AIM OF THE TASK: Every line in the data below from the one containing "Topographical map showing" down to the one containing "Louis Vuitton Ltd", both included, must be retyped exactly; no other line is to appear.

RECORDS:
+ + +

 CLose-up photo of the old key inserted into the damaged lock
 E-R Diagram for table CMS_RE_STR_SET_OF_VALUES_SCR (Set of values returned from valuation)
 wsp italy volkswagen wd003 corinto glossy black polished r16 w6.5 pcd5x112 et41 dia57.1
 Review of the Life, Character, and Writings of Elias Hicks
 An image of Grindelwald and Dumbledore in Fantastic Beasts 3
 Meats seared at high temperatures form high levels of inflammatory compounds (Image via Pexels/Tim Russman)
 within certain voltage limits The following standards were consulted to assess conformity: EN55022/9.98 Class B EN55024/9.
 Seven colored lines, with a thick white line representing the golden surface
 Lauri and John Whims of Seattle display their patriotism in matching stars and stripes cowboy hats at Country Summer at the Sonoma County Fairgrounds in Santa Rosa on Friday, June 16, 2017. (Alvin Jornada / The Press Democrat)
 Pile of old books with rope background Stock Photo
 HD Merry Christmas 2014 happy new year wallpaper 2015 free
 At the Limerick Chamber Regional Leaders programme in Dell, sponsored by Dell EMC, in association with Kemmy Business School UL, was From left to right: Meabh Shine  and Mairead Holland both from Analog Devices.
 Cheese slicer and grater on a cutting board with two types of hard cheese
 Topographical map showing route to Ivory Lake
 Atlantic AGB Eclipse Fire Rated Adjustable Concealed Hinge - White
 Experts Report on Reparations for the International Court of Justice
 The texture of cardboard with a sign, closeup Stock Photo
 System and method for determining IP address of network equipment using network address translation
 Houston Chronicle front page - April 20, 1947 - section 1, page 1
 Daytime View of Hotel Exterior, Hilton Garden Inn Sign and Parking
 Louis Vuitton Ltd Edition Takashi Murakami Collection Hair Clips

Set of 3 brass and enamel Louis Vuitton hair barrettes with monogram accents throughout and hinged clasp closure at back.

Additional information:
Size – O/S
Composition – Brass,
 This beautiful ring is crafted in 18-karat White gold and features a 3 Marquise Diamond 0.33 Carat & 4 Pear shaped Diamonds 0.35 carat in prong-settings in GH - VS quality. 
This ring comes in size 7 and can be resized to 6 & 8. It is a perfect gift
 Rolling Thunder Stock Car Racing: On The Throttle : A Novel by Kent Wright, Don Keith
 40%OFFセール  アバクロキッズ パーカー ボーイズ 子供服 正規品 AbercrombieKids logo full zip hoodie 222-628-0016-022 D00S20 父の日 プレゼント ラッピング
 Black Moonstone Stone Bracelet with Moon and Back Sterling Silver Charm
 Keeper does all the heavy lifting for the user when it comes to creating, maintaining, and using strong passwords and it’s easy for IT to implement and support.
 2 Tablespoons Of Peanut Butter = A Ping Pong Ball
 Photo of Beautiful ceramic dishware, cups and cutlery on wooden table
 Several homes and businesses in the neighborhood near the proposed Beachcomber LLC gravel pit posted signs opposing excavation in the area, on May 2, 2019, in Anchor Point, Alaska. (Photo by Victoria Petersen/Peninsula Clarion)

+ + +

WRITTEN RESPONSE:
 Topographical map showing route to Ivory Lake
 Atlantic AGB Eclipse Fire Rated Adjustable Concealed Hinge - White
 Experts Report on Reparations for the International Court of Justice
 The texture of cardboard with a sign, closeup Stock Photo
 System and method for determining IP address of network equipment using network address translation
 Houston Chronicle front page - April 20, 1947 - section 1, page 1
 Daytime View of Hotel Exterior, Hilton Garden Inn Sign and Parking
 Louis Vuitton Ltd Edition Takashi Murakami Collection Hair Clips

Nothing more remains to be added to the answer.